Commutation of Spin, Angular and Spin-Orbital Momentum

Marichu T. Miscala

In quantum mechanics, the presence of spin-orbit coupling gives rise to the Hamiltonian that will no longer commute with $\vec{L}$ , and $\vec{S}$ , so the spin and orbital momenta are not separately conserved.

In order to understand this concept better, a commutation problem for orbital angular momentum $\vec{L}$ , spin $\vec{S}$ , and spin-orbital momentum $\vec{J}$ is presented here.

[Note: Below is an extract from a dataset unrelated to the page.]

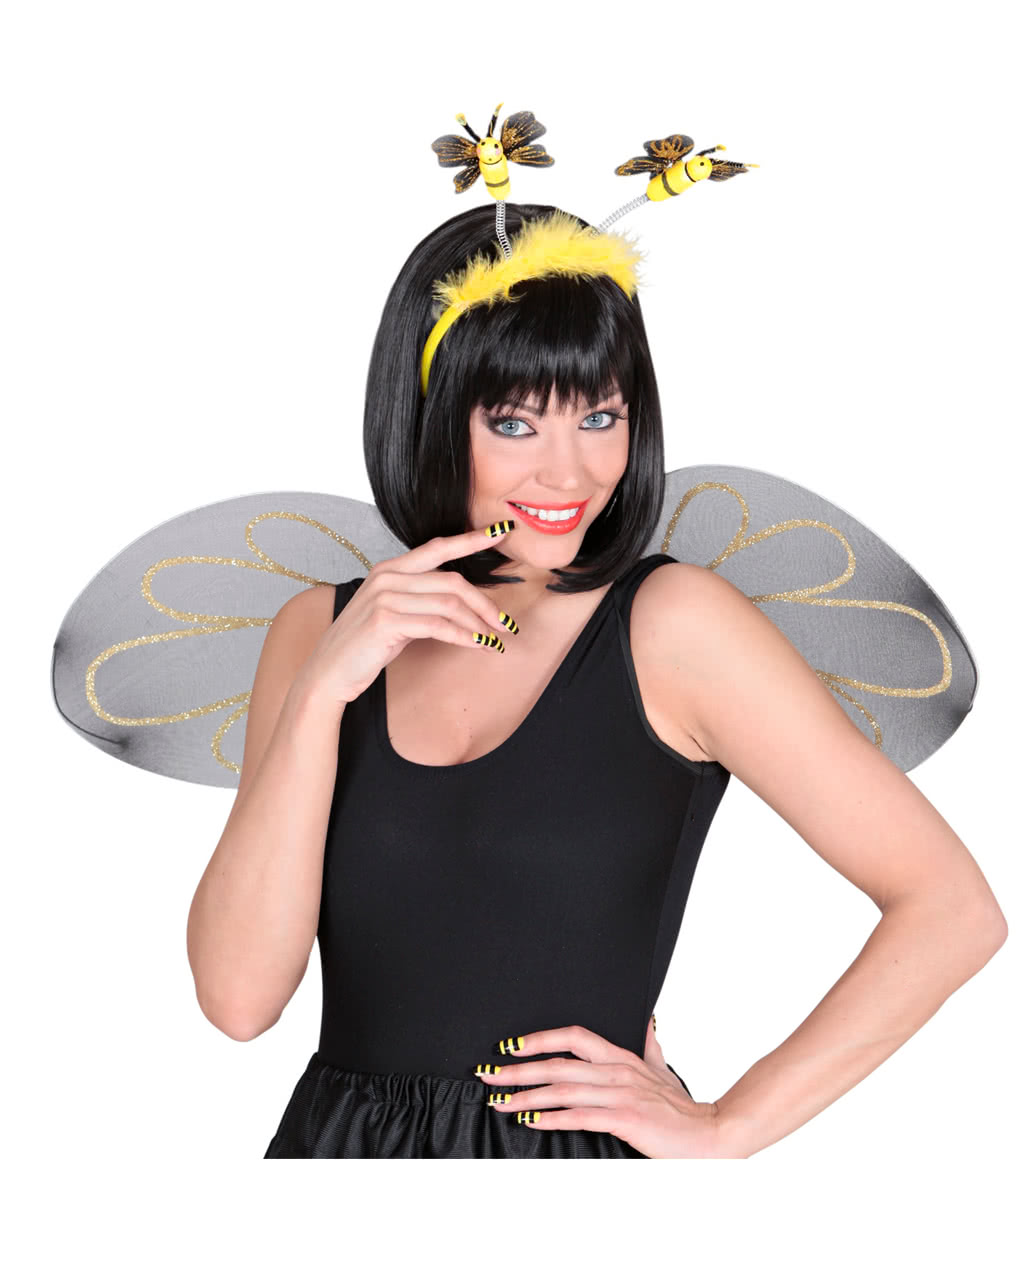 fingernails set bees as costume accessories horror. Black Bedroom Furniture Sets. Home Design Ideas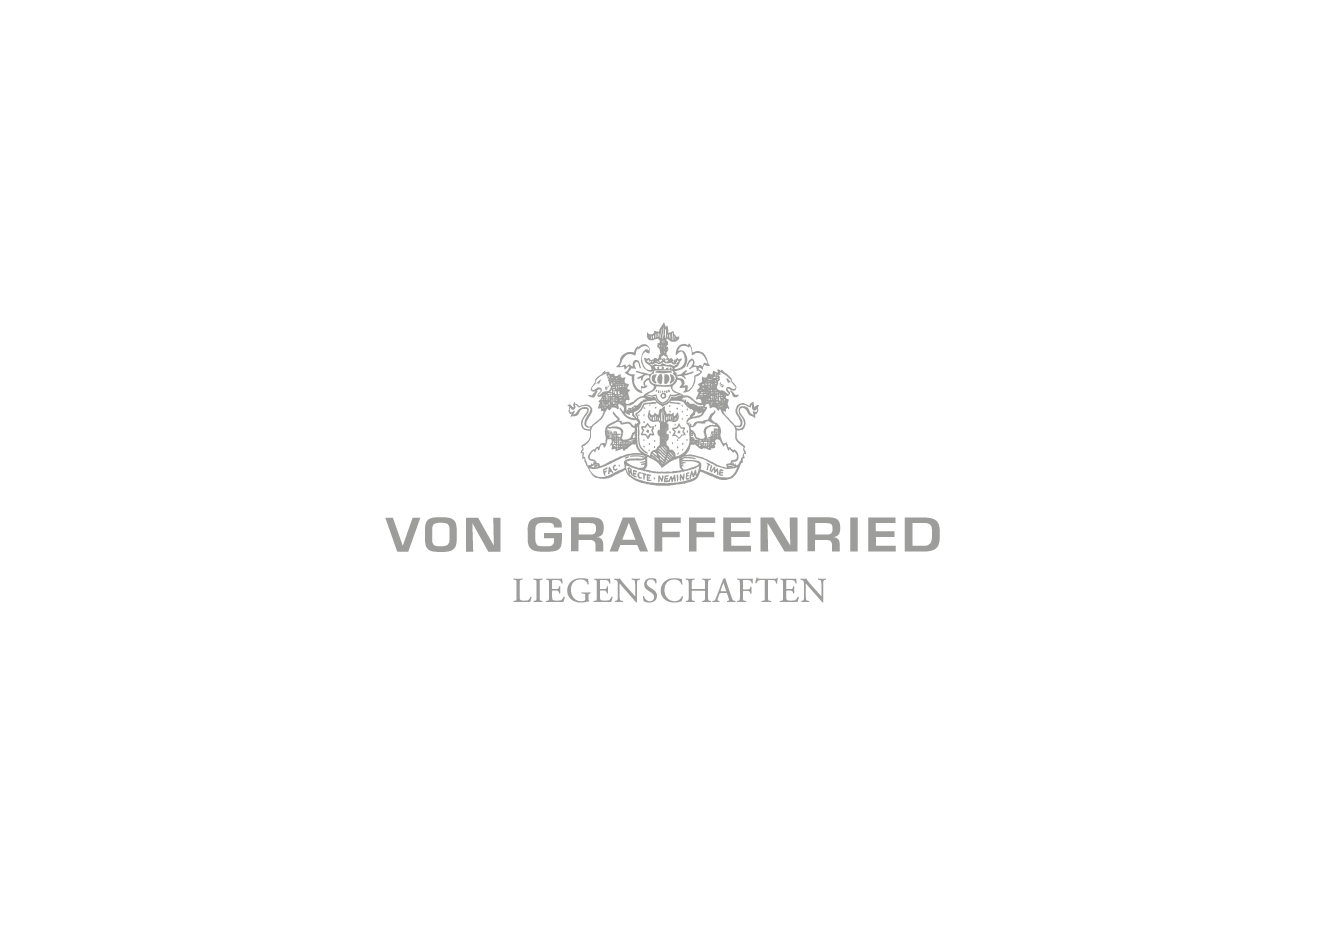 vongraffenried-sw

Consider the fundamental commutation relations for angular momentum. The individual components of the spin $\vec{S}$ do not commute with each other. That is,

$[S_x,S_y] = i\hbar S_z$ ; $[S_y,S_z] = i\hbar S_x$ ; $[S_z,S_x] = i\hbar S_y$ ;

The commutation relation for the ‘instrinsic’ angular momentum $\vec{S}$ is much like a ‘carbon copy’ to that of the ‘extrinsic’ angular momentum $\vec{L}$

$[L_x,L_y] = i\hbar L_z$ ; $[L_y,L_z] = i\hbar L_x$ ; $[L_z,L_x] = i\hbar L_y$ ;

But the spin-obit Hamiltonian does commute with $L^2$ , $S^2$ and the total angular momentum $\vec{J}$ which is

$\vec{J} = \vec{L} + \vec{S}$

From the given fundamental commutation relations above, we then now seek the commutators of the following commutation relations:

(a.) $[\vec{L}.\vec{S},\vec{L}]$ (b.) $[\vec{L}.\vec{S},\vec{S}]$ (c.) $[\vec{L}.\vec{S},J]$

(d.) $[\vec{L}.\vec{S},L^2]$ (e.) $[\vec{L}.\vec{S},S^2]$ (f.) $[\vec{L}.\vec{S},J^2]$

As a hint here, $\vec{L}$ and $\vec{S}$ satisfy the fundamental commutation relations for angular momentum, but $\vec{L}$ and $\vec{S}$ commute with each other.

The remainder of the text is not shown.